Number of SNPs analysed per chromosome

Genome-based estimates of coancestry

Following Malécot [33], it is possible to calculate the coancestry coefficient \(f_{ij}\) between individuals \(i\) and \(j\). Genomic estimates of coancestry for each chromosome were obtained using the SNPs genotyped on each chromosome. Accordingly, genomic estimates of coancestry within chromosomes were obtained as follows. Because neighbouring SNPs showed significant coancestry differences, such that it was difficult to identify specific regions with a higher or lower coancestry based on individual SNPs, coancestry was estimated over sliding 200-SNP windows. Following this approach, the noisiness of single-locus coancestry estimates can be reduced and the precision of the estimates can be increased by combining data from several adjacent SNPs.
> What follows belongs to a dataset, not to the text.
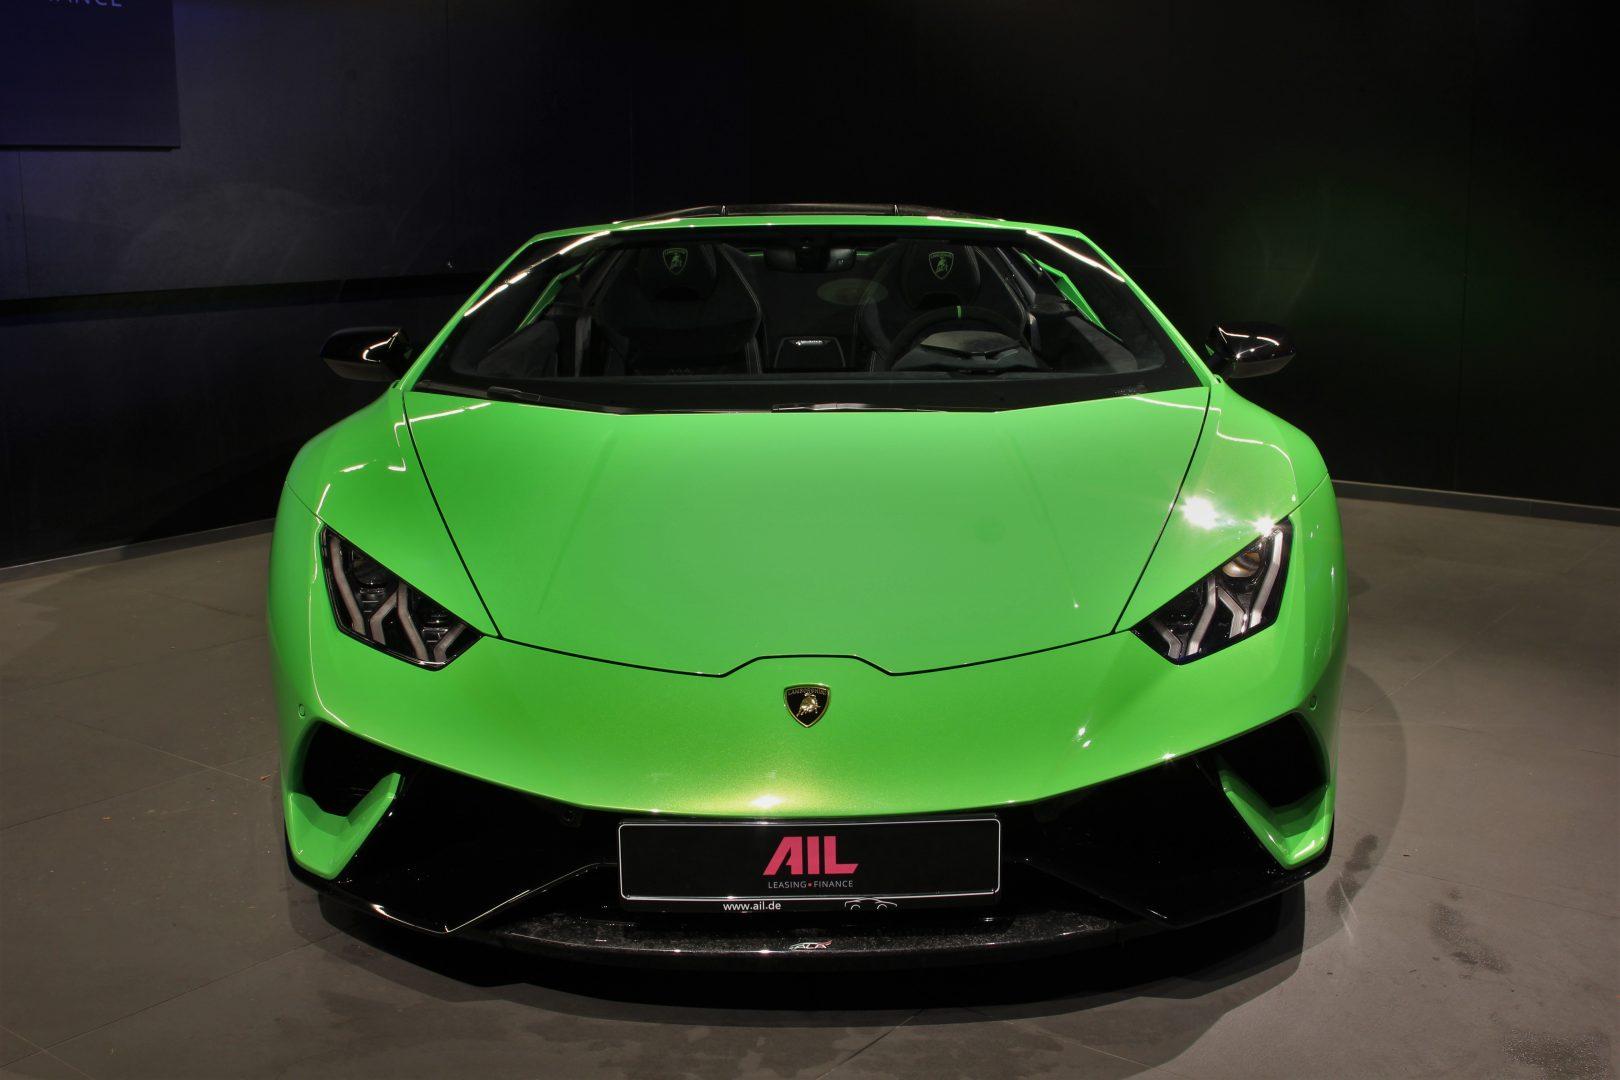 AIL Lamborghini Huracan Performante Spyder LP 640-4 Verda Mantis 13

This was based on the method proposed by Weir et al. [34]. For each chromosome, the first sliding window was identified by taking the first 200 SNPs at the beginning of the chromosome. Subsequently, the window slides across the chromosome by moving one SNP to the right, until the end of the chromosome is reached, maintaining 200 SNPs in each window. For each window, coancestry was estimated by taking the average of all coancestry values of the SNPs lying in that window.
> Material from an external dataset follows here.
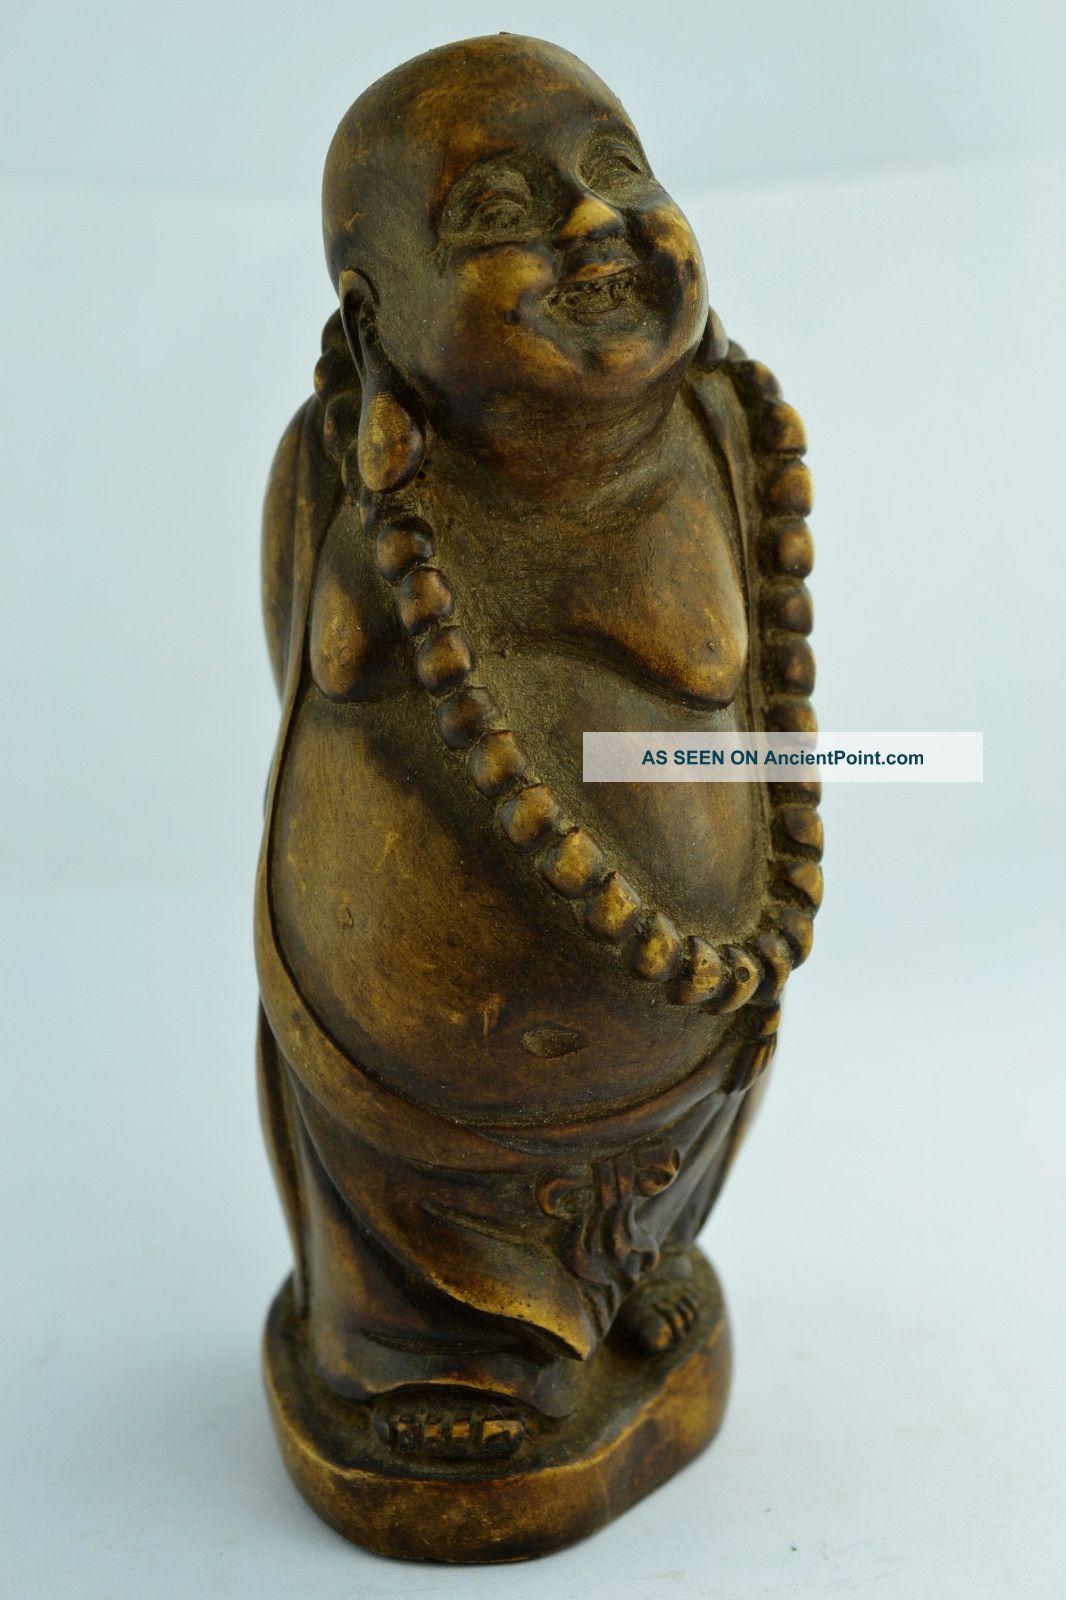 China Collectibles Old Decorated Handwork Alabaster Buddha Exorcism Statue Buddha photo

Genome-based estimates of coancestry were obtained for the CC, NEAC, CC × NEAC populations, and we also calculated the coancestry coefficient \( f_{{{\text{CC}}\;{\&}\;NEAC}} \) between the individuals of both populations.

Coefficient of genetic differentiation

The Genepop software version 4.3 [35] was used to calculate Wright’s FST [36] between the CC and NEAC populations. FST was calculated by taking all the SNPs from each chromosome into account and also by using the same sliding window approach as above with a window size of 200 SNPs on each chromosome.

Private allele frequency

Using the same sliding window approach, allele frequencies that were higher than 0 in the CC population and equal to 0 in the NEAC population, and vice versa, were averaged.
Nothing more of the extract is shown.